A nonbudget priority

In addition to addressing the state’s budget problems, the Kansas Legislature should give high priority to a proposal to improve the state’s redistricting process.

The state’s serious budget crunch is the most urgent issue facing the Kansas Legislature as it opens its session on Monday, but other matters also require lawmakers’ attention.

Among those is an item that won’t cost the state anything but is vitally needed: Revision of the state’s process for redrawing legislative and congressional districts.

The process the Kansas Legislature went through last year to accomplish this job was marked by political infighting and vindictive posturing. Redistricting, which should have been accomplished early in the session, dragged on until the final days of a record-long session, even threatening the secretary of state’s ability to hold primary elections on schedule last summer.

The contentious atmosphere it fed in the Legislature affected negotiations concerning far more important issues facing the body. At least some legislative leaders believe the bad feelings created by the redistricting process are so strong that they will continue to haunt this year’s proceedings.

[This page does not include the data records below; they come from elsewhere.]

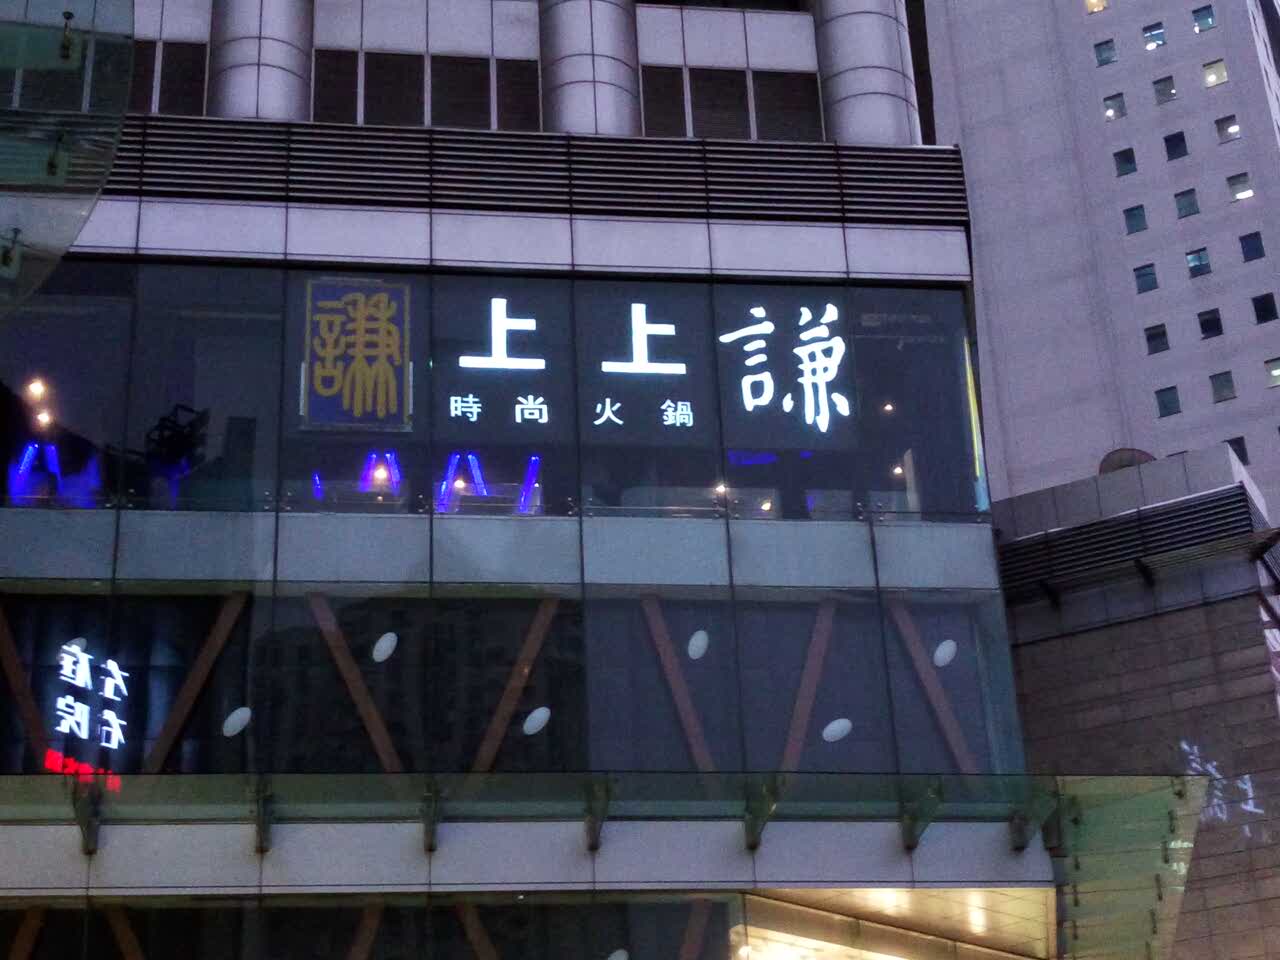 上上谦火锅(新梅联合广场店)
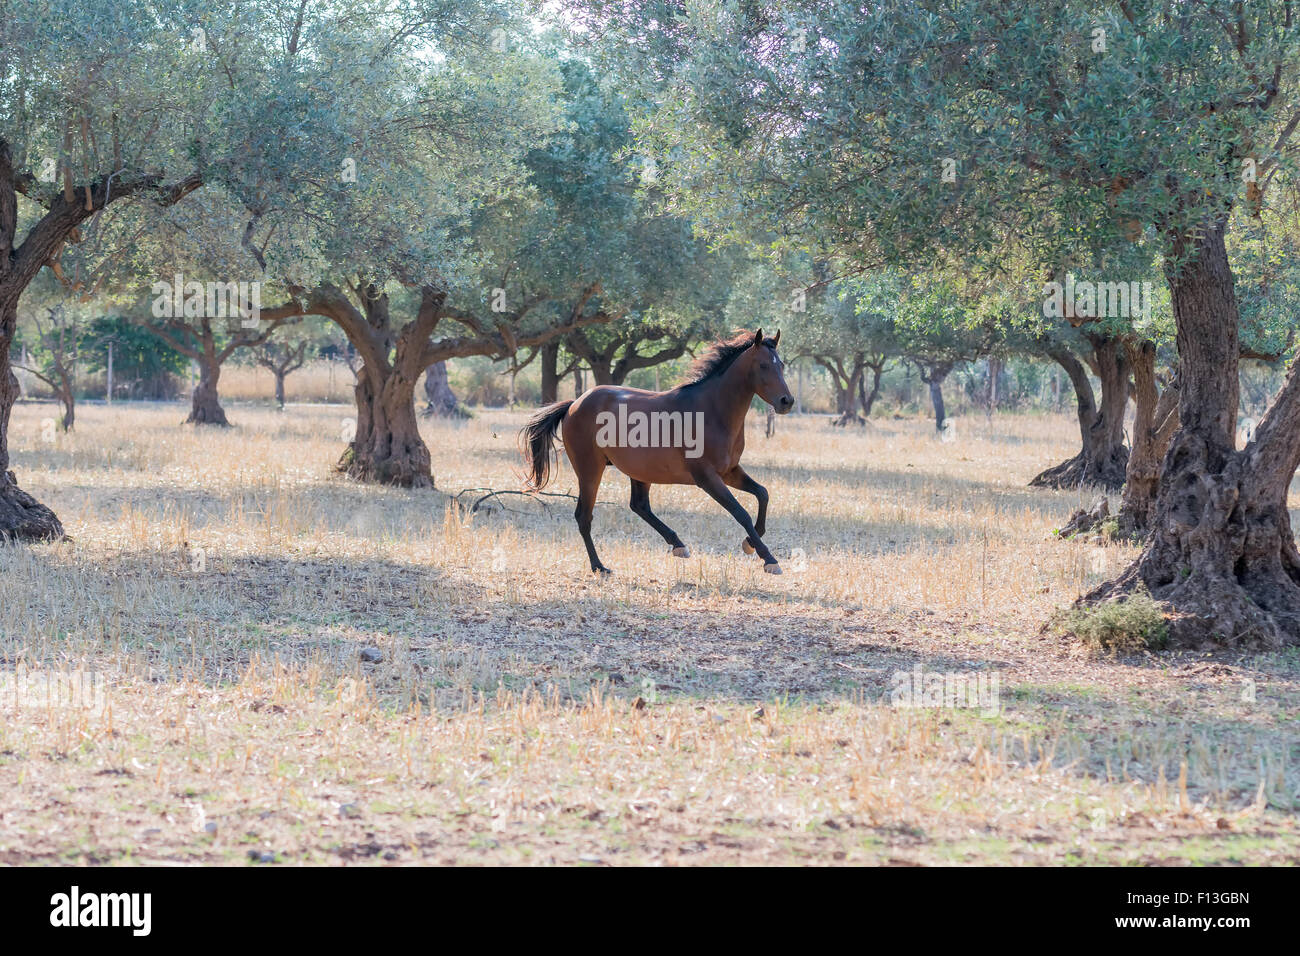 Wild horse running free. Stock Photo
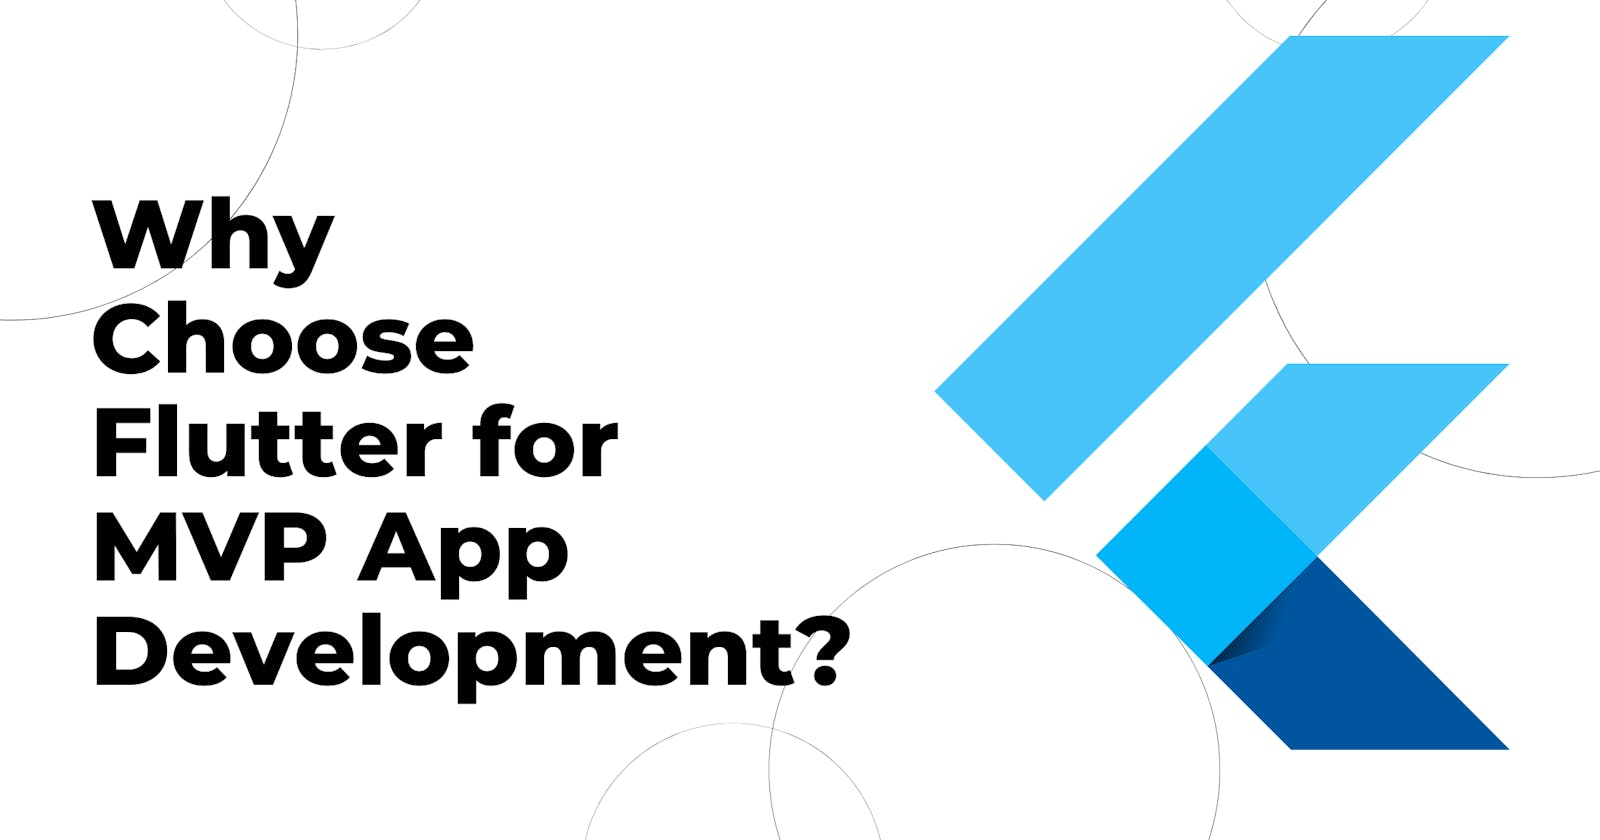 Why Choose Flutter for MVP App Development?
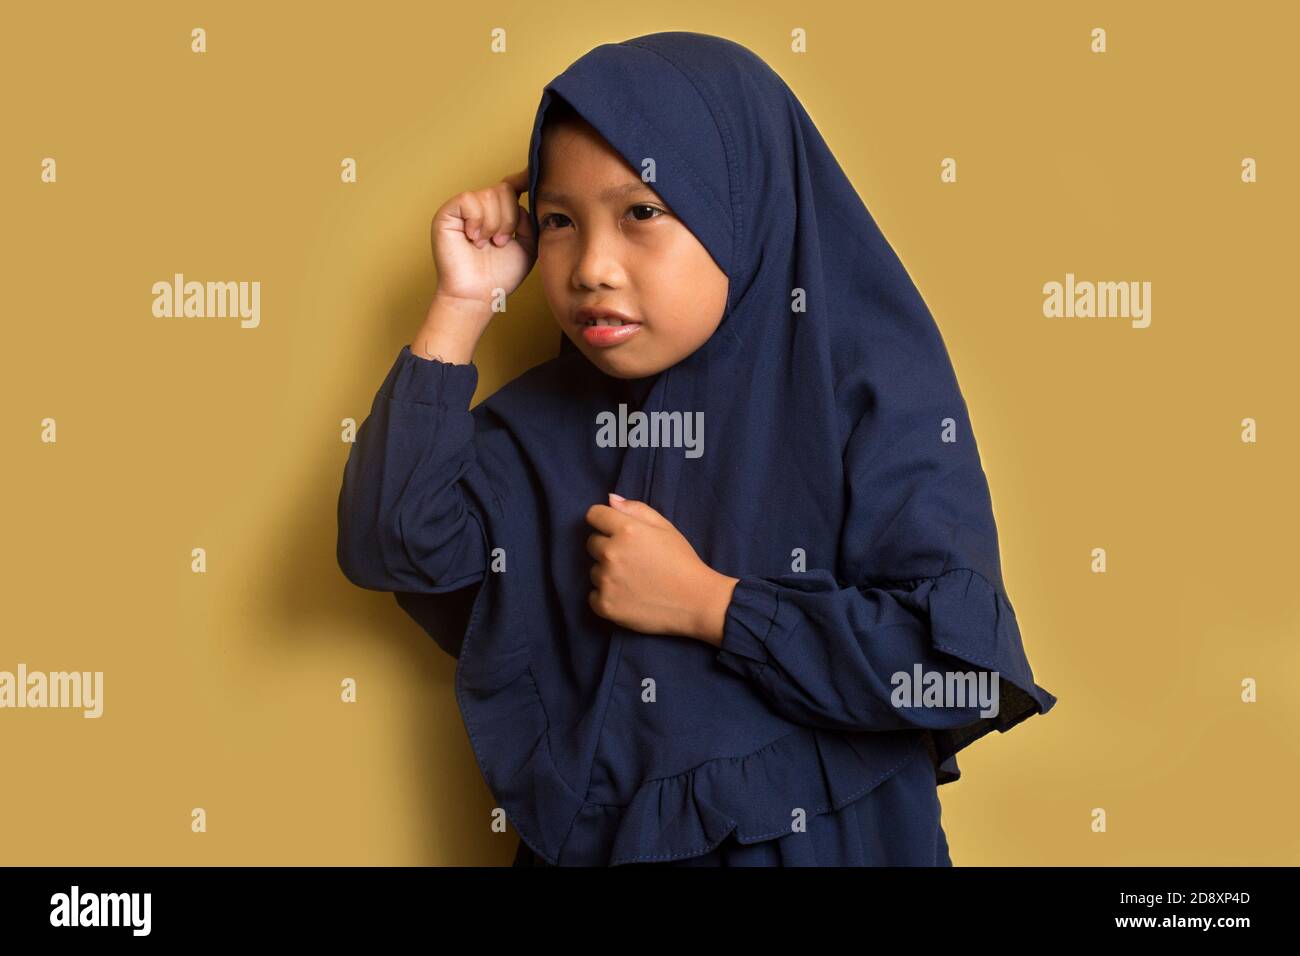 Le portrait d'une petite fille asiatique musulmane hijab pense Banque D'Images

This disruptive process needs to be fixed, and there’s no time like the present to do the job.

Two state senators, a Republican and a Democrat, circulated a plan last summer that would set up an independent commission to draw up legislative and congressional districts based on population, not politics. The proposed map would go to the Legislature which could reject, but not change it. If it were rejected, it would go back to the commission for another try.

According to the senators’ plan, the cost of setting up the commission would be offset by eliminating the state’s census adjustment that seeks to return students and military personnel to their “home” addresses for the purposes of redistricting. Kansas is the only state in the union that attempts such a task. Its accuracy is questionable and the expense is unjustified. Establishing an independent redistricting commission would be a far better use of the funds.

Although the goal of redistricting should be to preserve natural communities of interest and provide good representation for the people of Kansas, the current process primarily is focused on preserving election bases for incumbents and punishing the minority party. When it also is clear that the process and bad feelings of redistricting hinder the Legislature’s ability to conduct other business, it is time for change.

The plan proposed last summer may not be the ultimate answer, but it already is receiving favorable reviews from legislative leaders. Now, while the memory of last year’s redistricting fiasco is fresh in our memories, is the time to deal with the issue.